The baseline phase lasts approximately one month. You will have blood drawn 2-3 times per week in order to monitor your hormone levels. You do not take study-assigned pills during this phase. The research staff will collect blood and urine samples, and they will ask about any changes to your general health at these visits. Based on hormone levels, the researchers can determine a time period of heightened breast cell growth during your monthly cycle.
At end of this phase, the research team will perform an MRI of both breasts. A breast MRI uses a magnetic field and radio frequency pulses to produce detailed pictures of your breast. The MRI will last approximately 30-45 minutes.
The research team will also take a tissue sample (biopsy) from one of your breasts. The procedure will last about 20 minutes.
After your breast MRI and biopsy, you will be randomized (like the flip of a coin) to take one of the study medications.

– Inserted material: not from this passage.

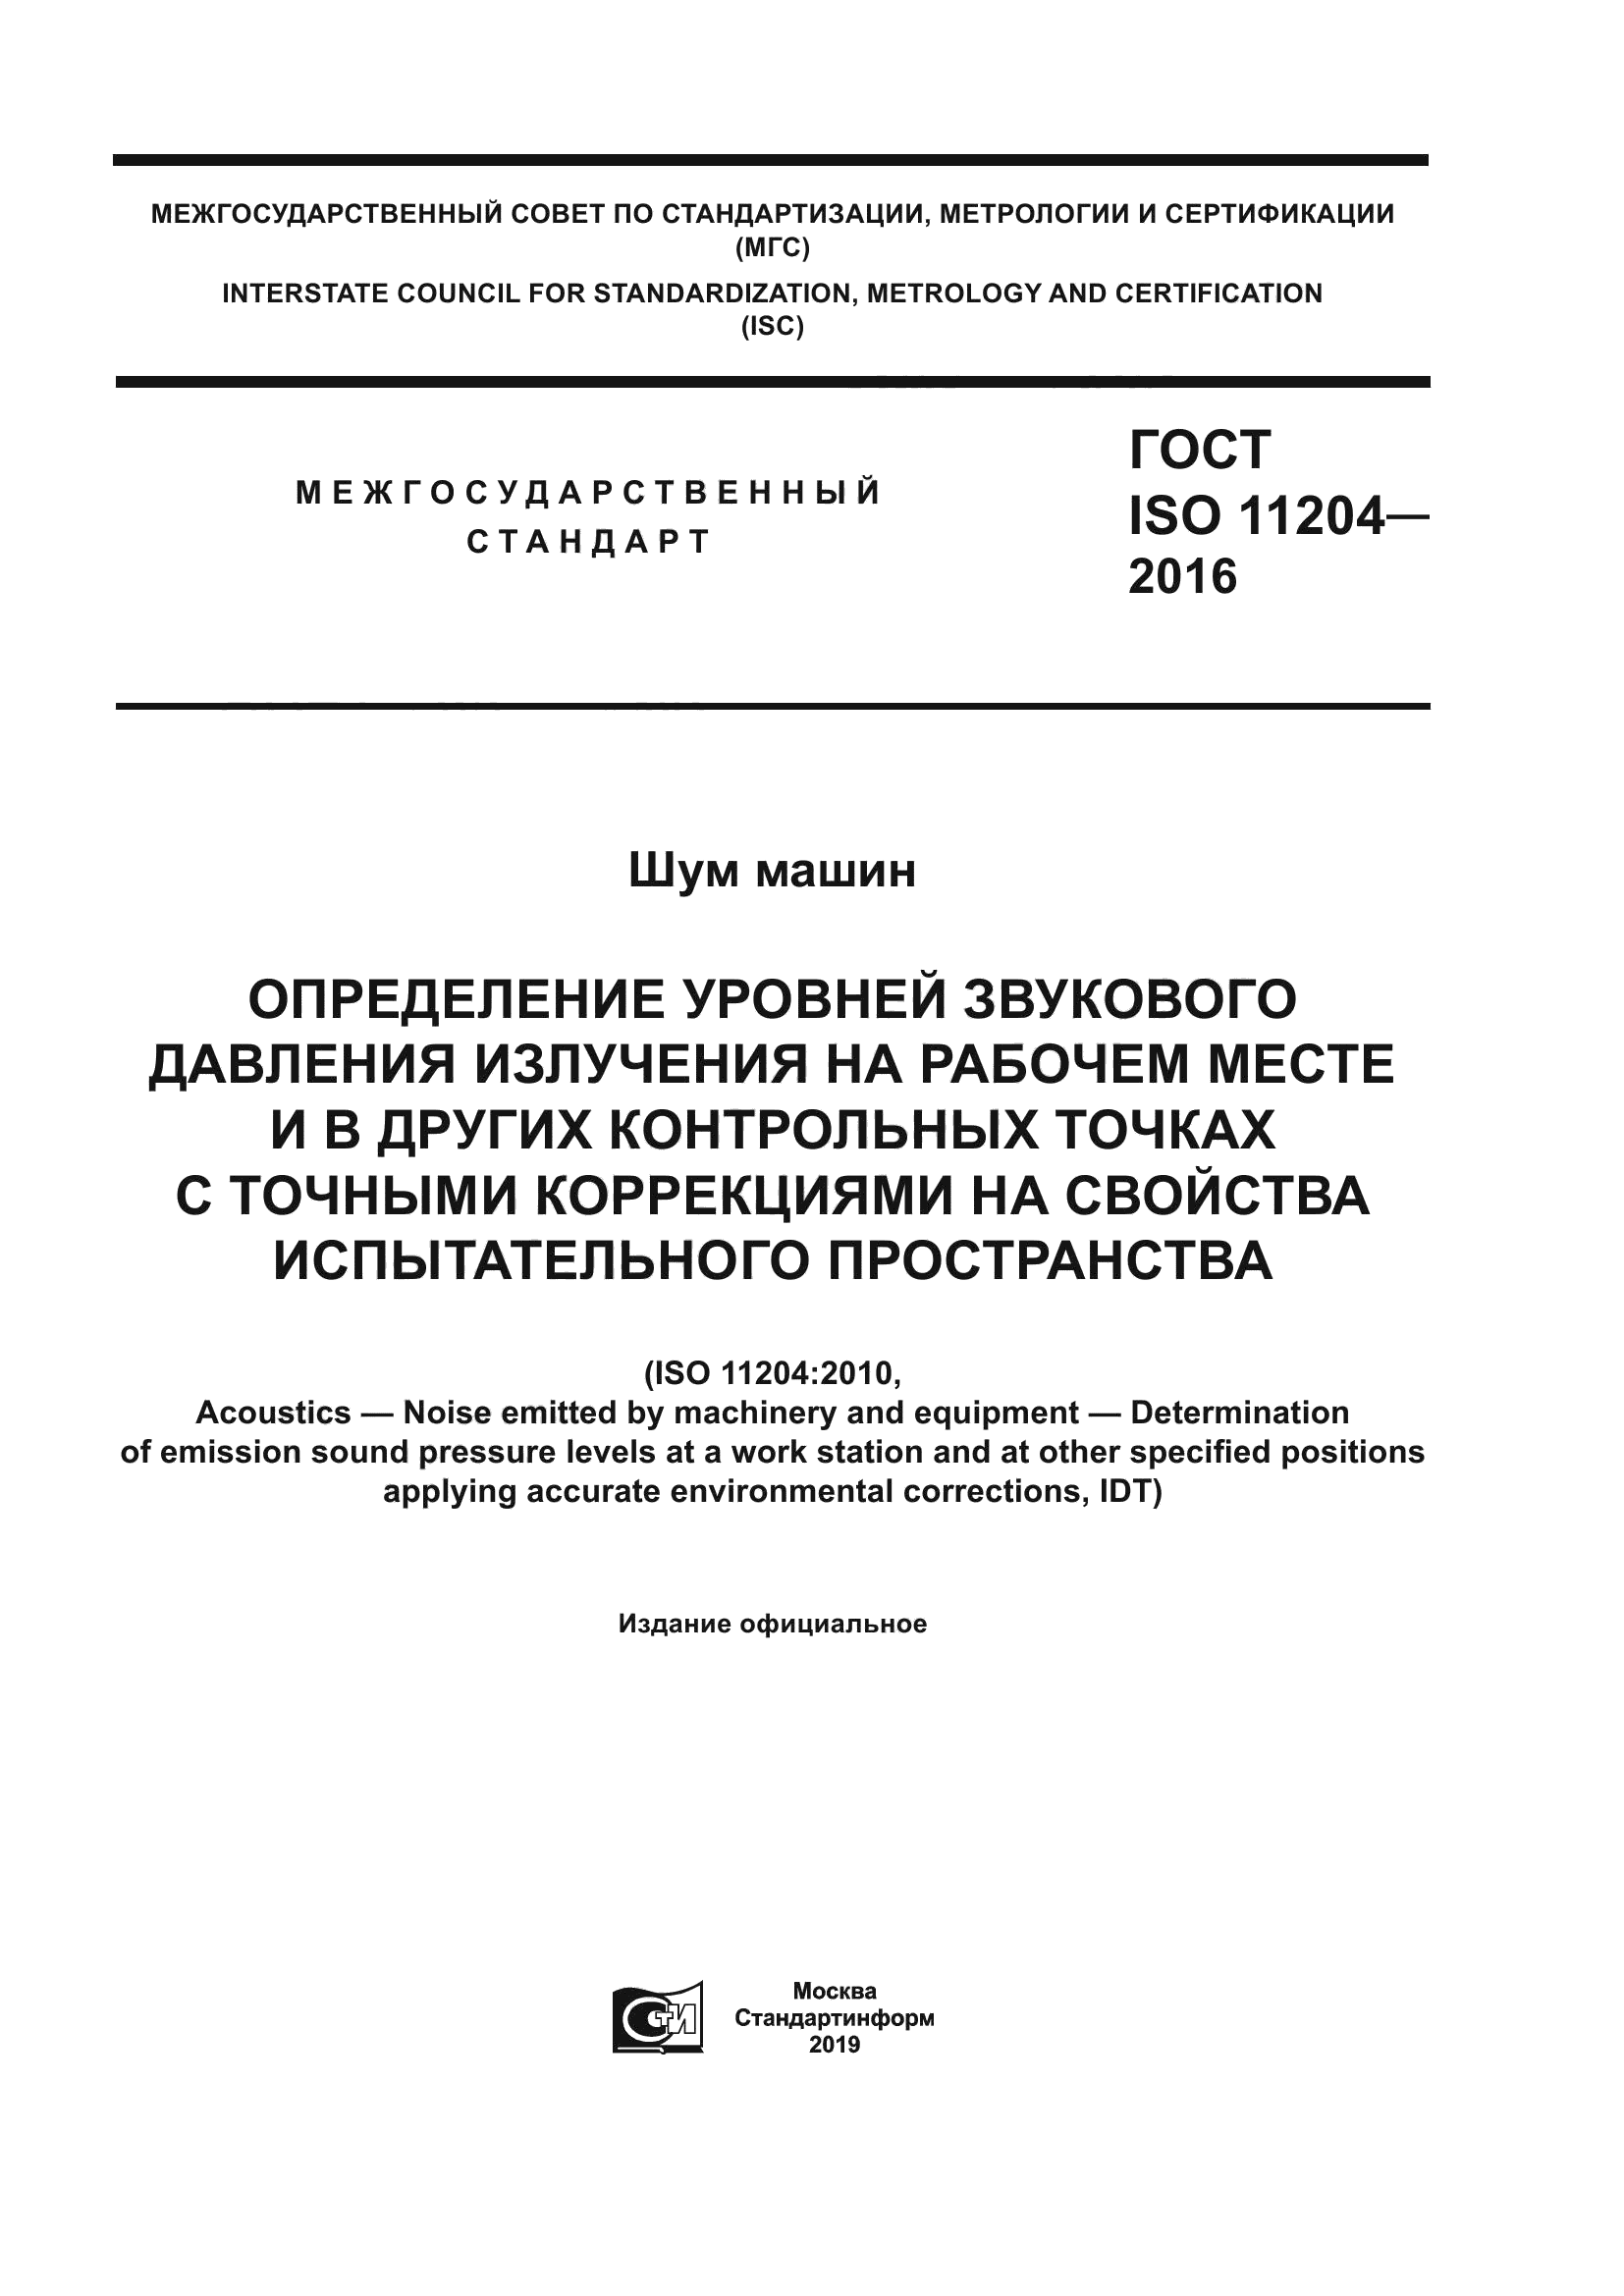 ГОСТ ISO 11204-2016

You will take the study pill for about 77 days, with 11 visits during this time. You will go to the office every two weeks for the first two months and then twice a week during the third month. During these visits, the study staff will collect blood and urine samples and ask about any changes to your general health. Toward the end of the treatment phase, you will have a second breast MRI and a biopsy from the other breast. The research team will compare your MRI/biopsy results from before and after taking the study medication. From this, they can determine if the study drug did, in fact, influence breast cell growth.
Throughout the UPA Breast Health Study, the research team will be in close communication with you. You will receive daily text messages during the baseline and treatment phases of the study. These text messages will help ensure the program is working for you and serve as a daily reminder to take the study medication.